Note: If using PrismaBunSqlite, foreign keys are enabled by default.
checkWalMode(prisma)
Validates that WAL (Write-Ahead Logging) mode is enabled. WAL mode provides better concurrency and performance for most workloads.
Both functions throw descriptive errors with the actual vs expected values and remediation instructions:
Error: SQLite foreign key constraints are not enabled.
Expected foreign_keys = 1, got 0.
Enable foreign keys by running: PRAGMA foreign_keys = ON;Limitations
- Bun only - Requires Bun's native
bun:sqlite - SQLite only - Not a PostgreSQL/MySQL adapter
- Single writer - SQLite limitation (readers unlimited)
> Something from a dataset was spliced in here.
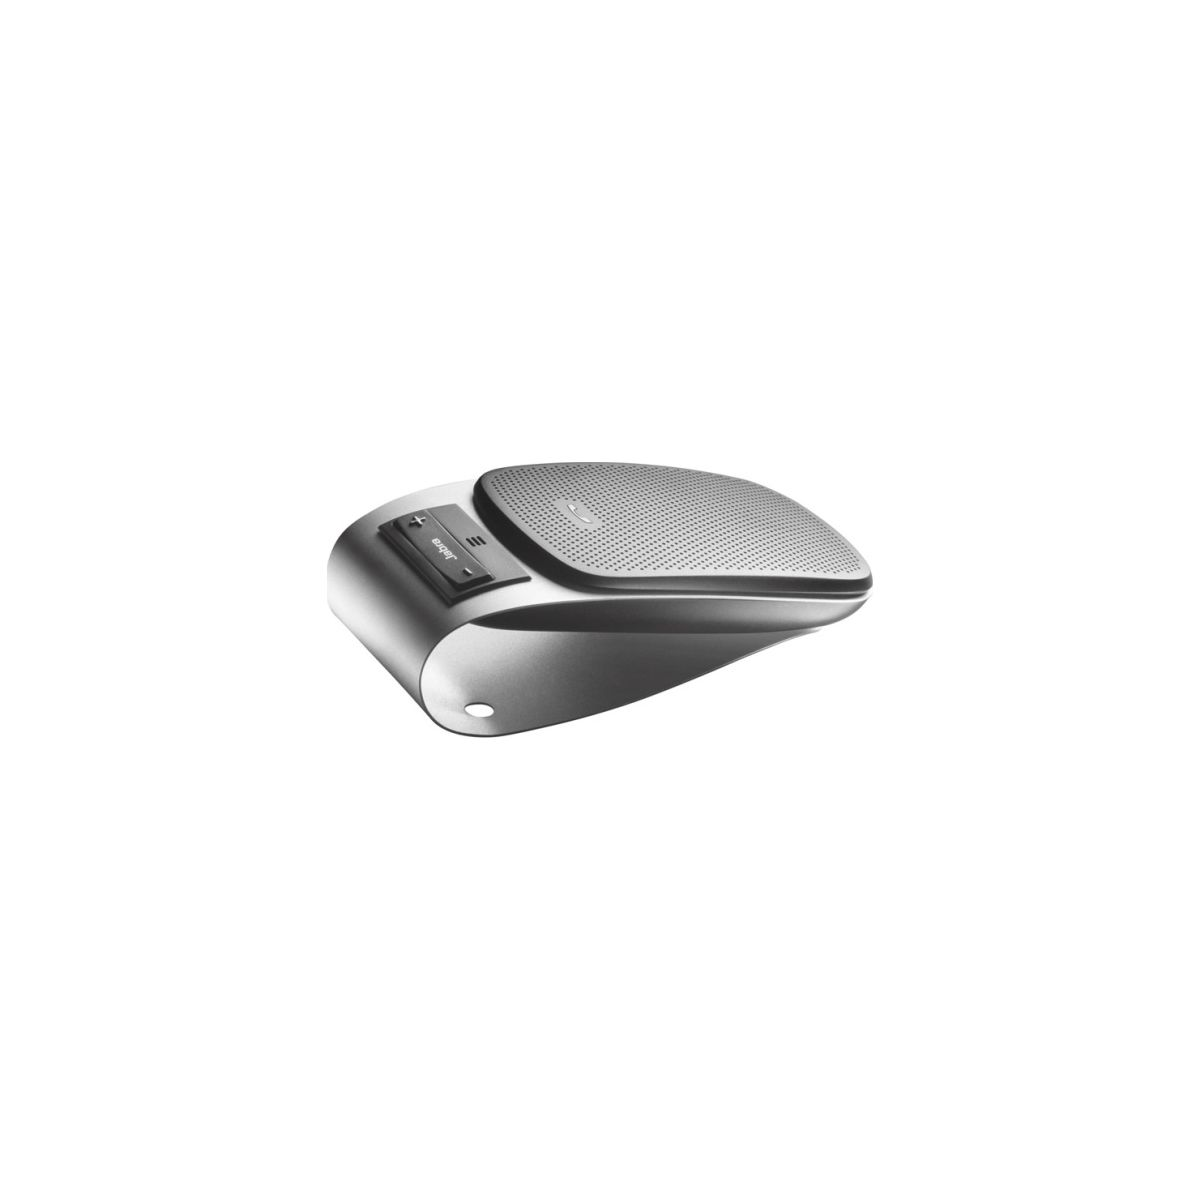 Kit mains libres voiture jabra drive - livraison offerte : code premium (photo)

- Local only - No network support (use libsql for Turso)
- SERIALIZABLE only - SQLite's only isolation level
Architecture
See ARCHITECTURE.md for implementation details, design decisions, and comparison with official Prisma adapters.
Contributing
git clone https://github.com/mmvsk/prisma-adapter-bun-sqlite.git
cd prisma-adapter-bun-sqlite
bun install
bun testSee ARCHITECTURE.md before contributing.